■ Supplied material:
§ §

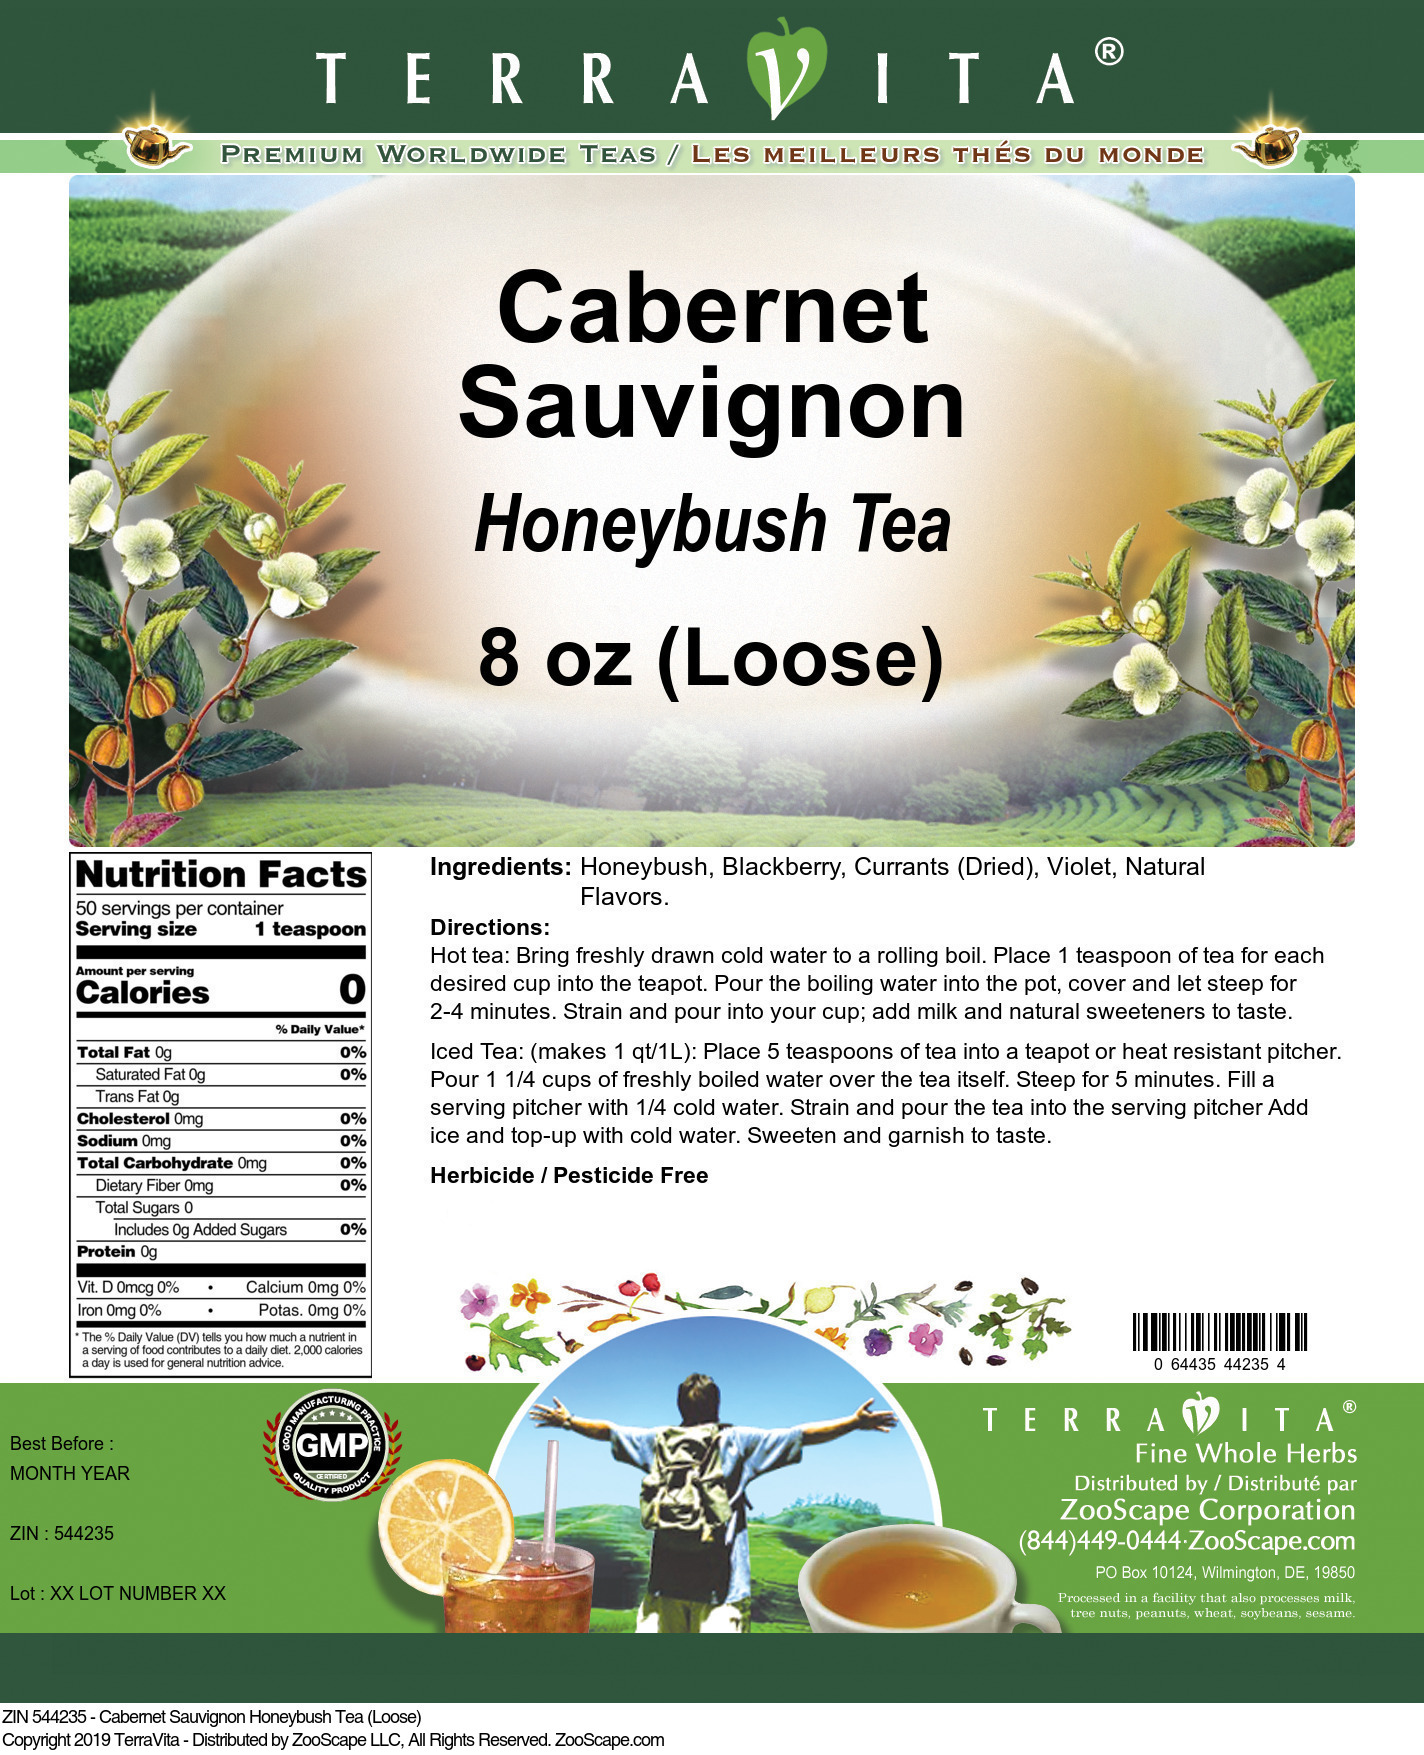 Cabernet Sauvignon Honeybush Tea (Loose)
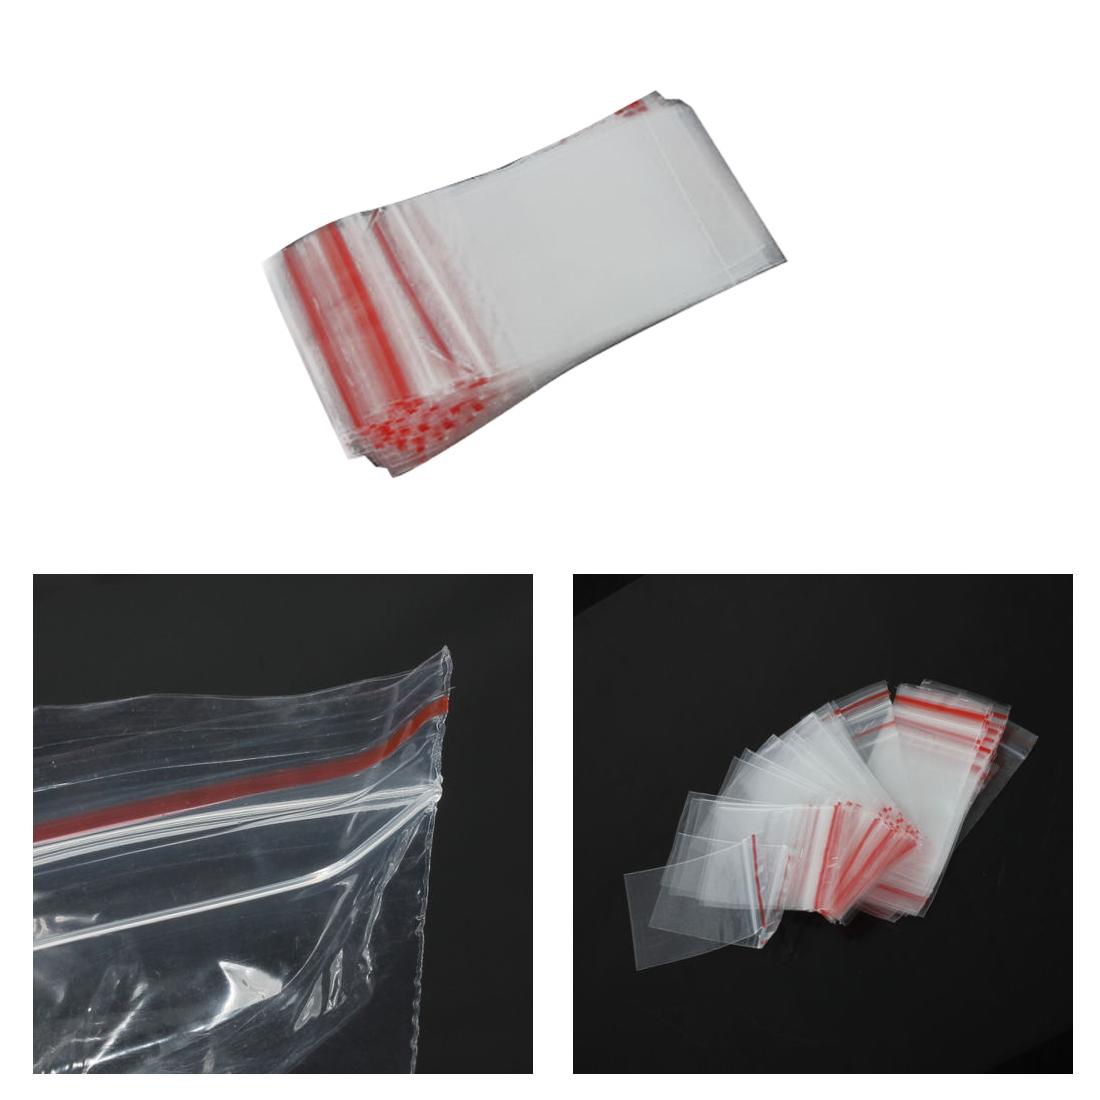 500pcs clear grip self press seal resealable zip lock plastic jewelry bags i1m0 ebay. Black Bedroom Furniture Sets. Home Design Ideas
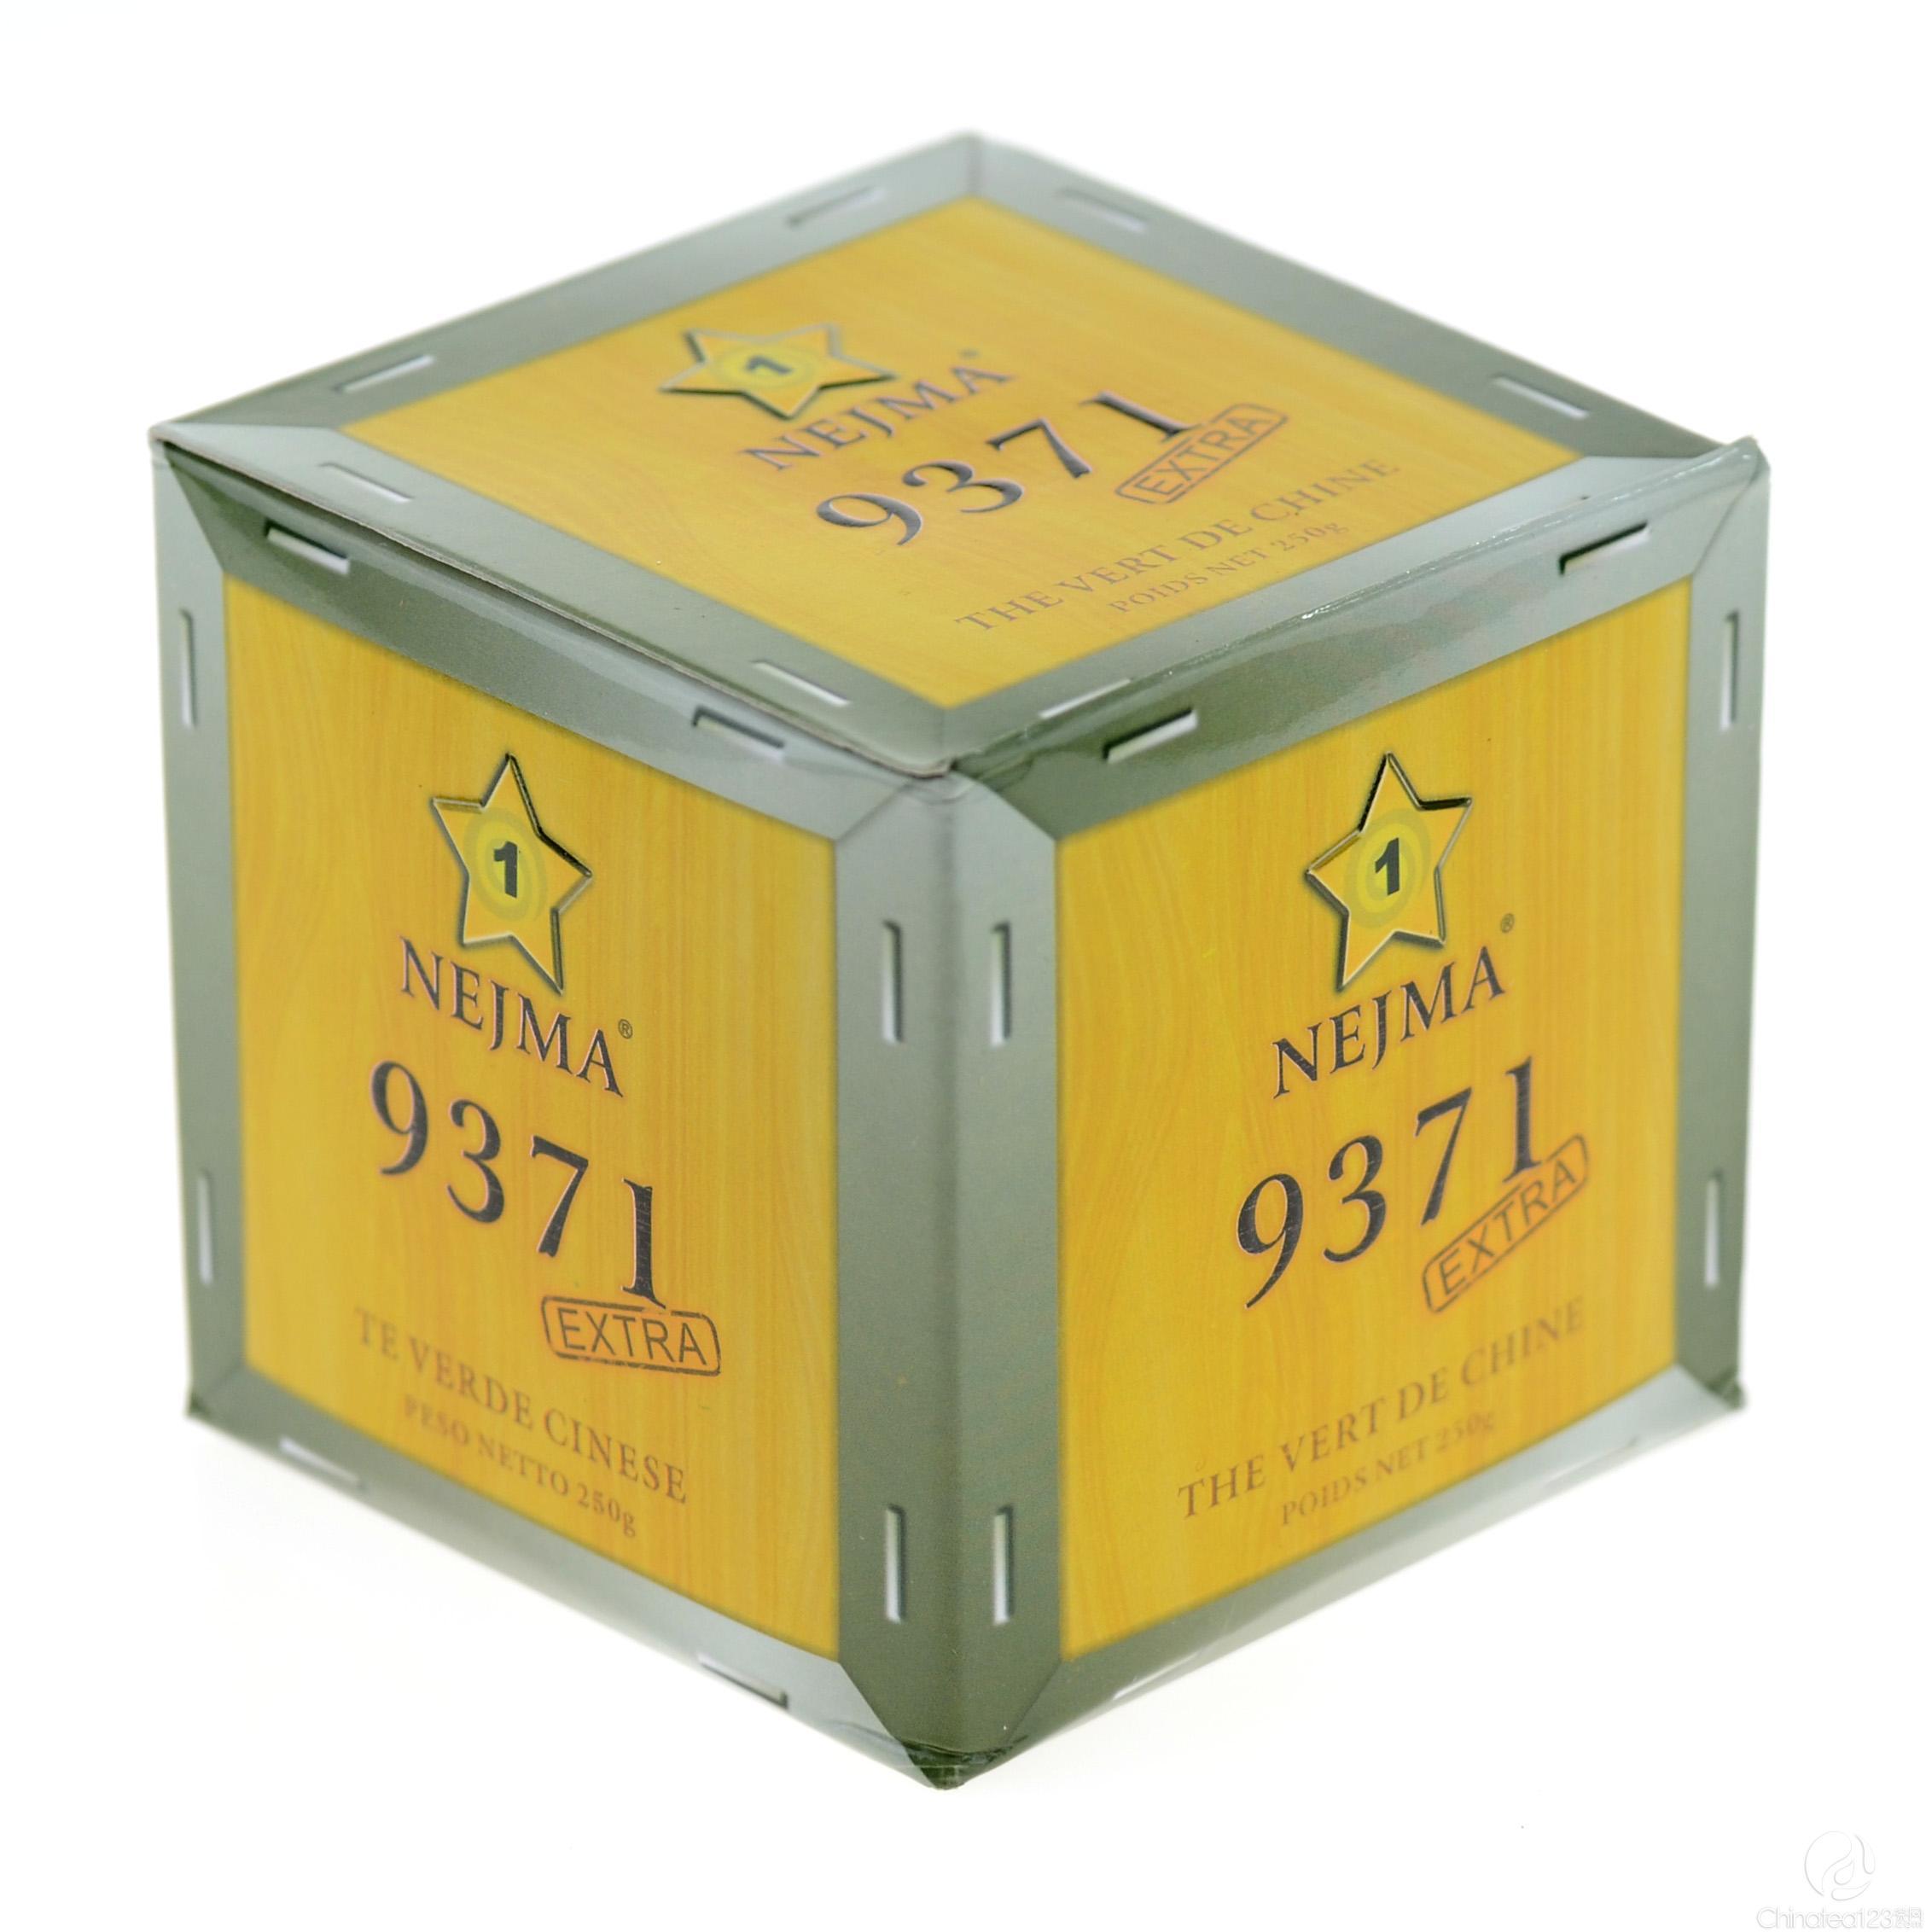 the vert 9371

§ §

■ Problem: Word for word, write out the whole listing, keeping none of the pictures.

■ Expected answer:
 Cabernet Sauvignon Honeybush Tea (Loose)
 500pcs clear grip self press seal resealable zip lock plastic jewelry bags i1m0 ebay. Black Bedroom Furniture Sets. Home Design Ideas
 the vert 9371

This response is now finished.